Computer program to solve nonlinear/linear fractional programming problems: an illustration
Jsun Yui Wong
Similar to the computer program of the preceding paper, the computer program listed below aims to solve directly the following fractional programming problem based on Jaberipour and Khorram [42, Example 1, p. 738] and Raouf and Hezam [73, Problem f10, page 5 of 10]:
Maximize ((13 * X(1) + 13 * X(2) + 13) / (37 * X(1) + 73 * X(2) + 13)) ^ -1.4 * ((64 * X(1) - 18 * X(2) + 39) / (13 * X(1) + 26 * X(2) + 13)) ^ 1.2 - ((X(1) + 2 * X(2) + 5 * X(3) + 50) / (X(1) + 5 * X(2) + 5 * X(3) + 50)) ^ .5 * ((X(1) + 2 * X(2) + 4 * X(3) + 50) / (5 * X(2) + 4 * X(3) + 50)) ^ 1.1
subject to
2 * X(1) + X(2) + 5 * X(3) <= 10
5 * X(1) - 3* X(2) = 3
1.5 <= X(1) <= 3
X(1), X(2), X(3) >= 0.
0 DEFDBL A-Z
1 REM DEFINT I, J, K
2 DIM B(99), N(99), A(2002), H(99), L(99), U(99), X(2002), D(111), P(111), PS(33), J(99), AA(99), HR(32), HHR(32), LHS(44), PLHS(44), LB(22), UB(22), PX(44), J44(44), PN(22), NN(22)

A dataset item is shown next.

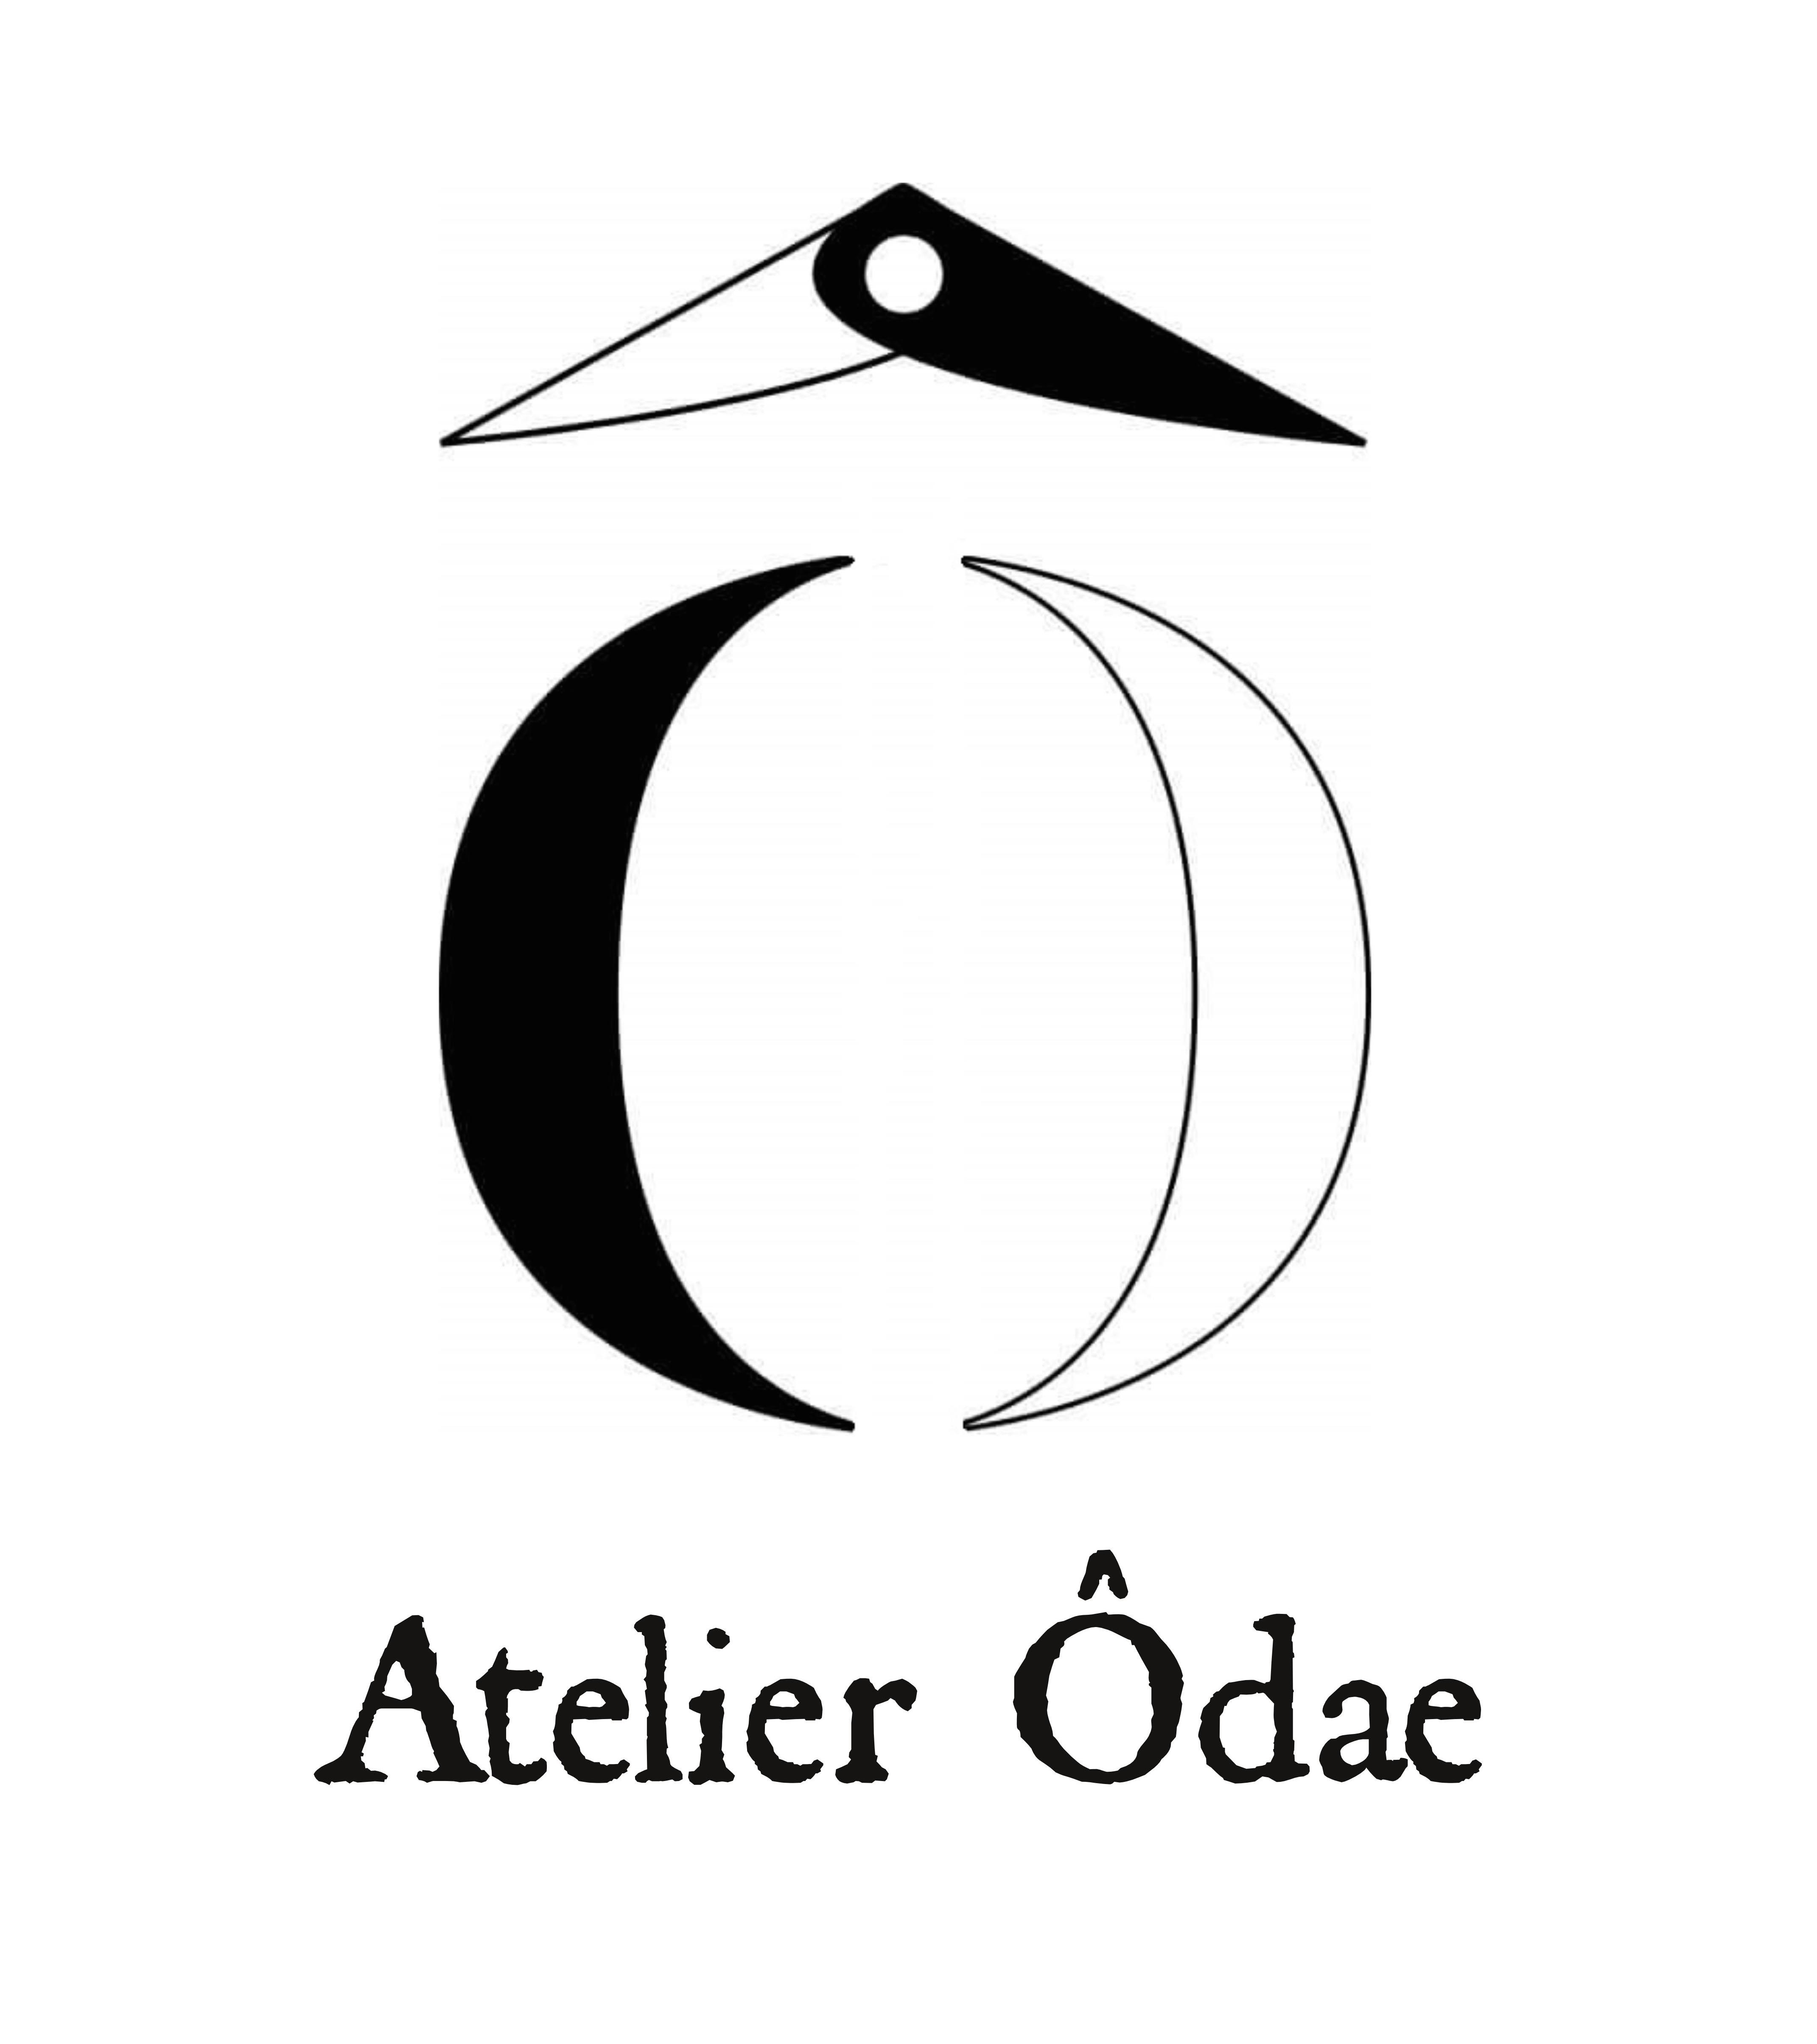 Atelier Ôdae Pierre Thomas knives

85 FOR JJJJ = -32000 TO 32000
87 RANDOMIZE JJJJ
88 M = -3D+30
117 FOR J44 = 1 TO 3
121 A(J44) = (1 + (RND * 3))
126 NEXT J44
127 FOR I = 1 TO 10000
129 FOR KKQQ = 1 TO 3
130 X(KKQQ) = A(KKQQ)
131 NEXT KKQQ
139 FOR IPP = 1 TO FIX(1 + RND * 3)
140 B = 1 + FIX(RND * 3)
156 IF RND < .5 THEN 160 ELSE GOTO 167
160 r = (1 - RND * 2) * A(B)
164 X(B) = A(B) + (RND ^ (RND * 15)) * r
166 GOTO 168
167 IF RND < .5 THEN X(B) = A(B) - FIX(RND * 2) ELSE X(B) = A(B) + FIX(RND * 2)
168 NEXT IPP
186 FOR J44 = 1 TO 3
188 REM X(J44) = INT(X(J44))
189 NEXT J44
422 FOR J44 = 1 TO 3
435 REM
436 REM
447 NEXT J44
451 X(1) = (3 + 3 * X(2)) / 5
452 IF X(1) < 0 THEN 1670
453 IF X(2) < 0 THEN 1670
454 IF X(3) < 0 THEN 1670
456 IF X(1) < 1.5 THEN 1670
457 IF X(1) > 3 THEN 1670
464 IF 2 * X(1) + X(2) + 5 * X(3) > 10 THEN 1670
621 IF (X(1) + 2 * X(2) + 5 * X(3) + 50) / (X(1) + 5 * X(2) + 5 * X(3) + 50) < 0 THEN 1670
623 P = ((13 * X(1) + 13 * X(2) + 13) / (37 * X(1) + 73 * X(2) + 13)) ^ -1.4 * ((64 * X(1) - 18 * X(2) + 39) / (13 * X(1) + 26 * X(2) + 13)) ^ 1.2 - ((X(1) + 2 * X(2) + 5 * X(3) + 50) / (X(1) + 5 * X(2) + 5 * X(3) + 50)) ^ .5 * ((X(1) + 2 * X(2) + 4 * X(3) + 50) / (5 * X(2) + 4 * X(3) + 50)) ^ 1.1
1111 IF P <= M THEN 1670
1452 M = P
1454 FOR KLX = 1 TO 3
1455 A(KLX) = X(KLX)
1456 NEXT KLX
1670 NEXT I
1777 IF M < -999999 THEN 1999
1904 PRINT A(1), A(2), A(3), M, JJJJ
1999 NEXT JJJJ
This computer program was run with qb64v1000-win [104]. Its complete output through
JJJJ=-32000 is shown below. GW-BASIC also can handle this computer program.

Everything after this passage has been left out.